Activity
In the entries below, find the line with "Windsor Park, Belfast, Northern, Ireland." and the line with "Big Mouth Inc.". Return those two lines and all lines between them, exactly.

Working data
= = =
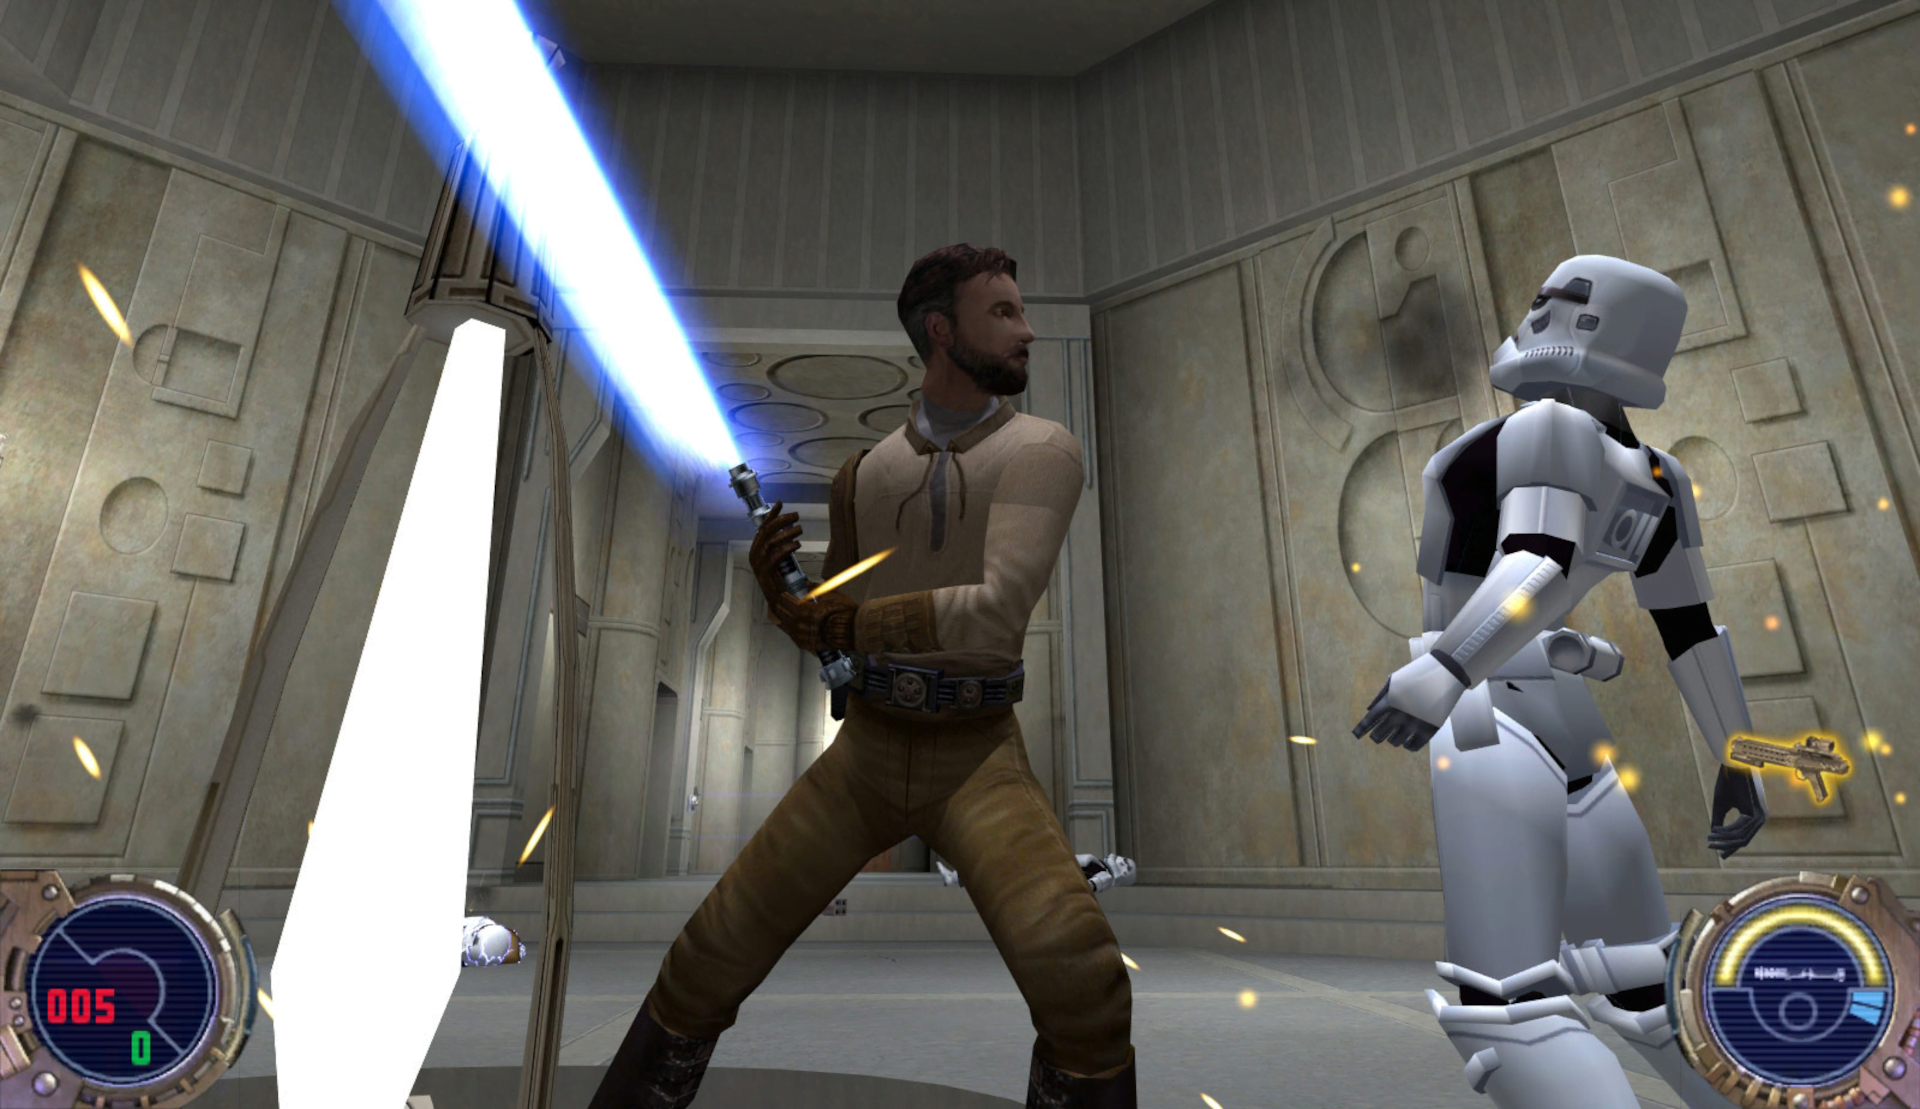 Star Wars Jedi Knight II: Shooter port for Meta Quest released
= = =
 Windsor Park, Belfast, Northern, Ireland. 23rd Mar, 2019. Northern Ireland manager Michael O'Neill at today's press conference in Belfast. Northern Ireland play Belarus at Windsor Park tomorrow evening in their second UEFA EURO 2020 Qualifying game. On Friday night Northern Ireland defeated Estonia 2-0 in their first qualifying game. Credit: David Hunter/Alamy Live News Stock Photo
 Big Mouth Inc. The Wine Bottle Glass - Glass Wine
= = =
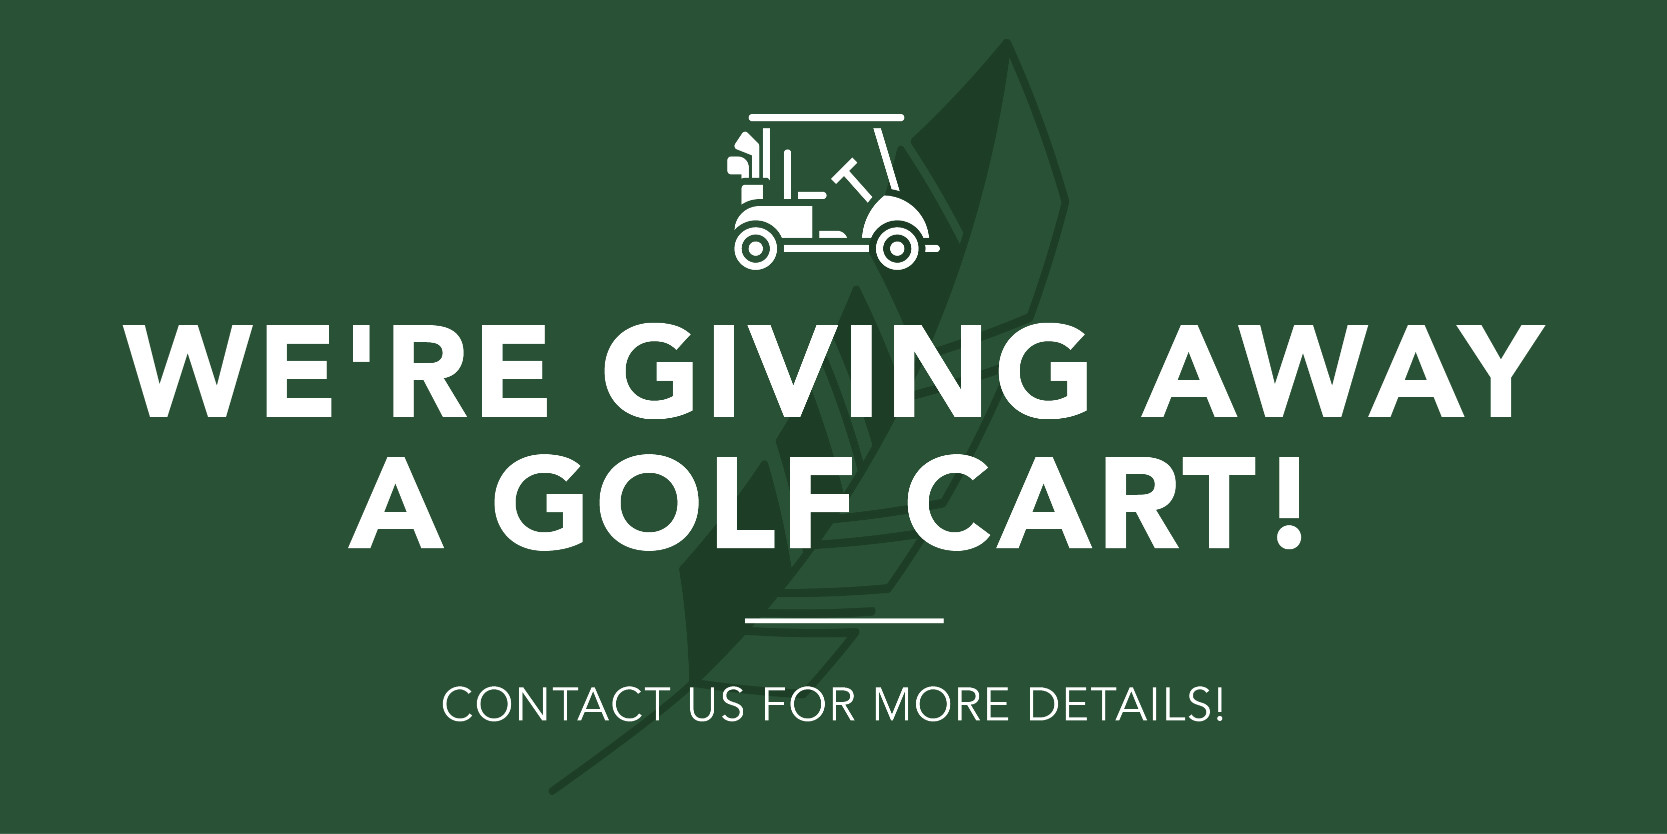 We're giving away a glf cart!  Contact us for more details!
= = =
Answer below
 Windsor Park, Belfast, Northern, Ireland. 23rd Mar, 2019. Northern Ireland manager Michael O'Neill at today's press conference in Belfast. Northern Ireland play Belarus at Windsor Park tomorrow evening in their second UEFA EURO 2020 Qualifying game. On Friday night Northern Ireland defeated Estonia 2-0 in their first qualifying game. Credit: David Hunter/Alamy Live News Stock Photo
 Big Mouth Inc. The Wine Bottle Glass - Glass Wine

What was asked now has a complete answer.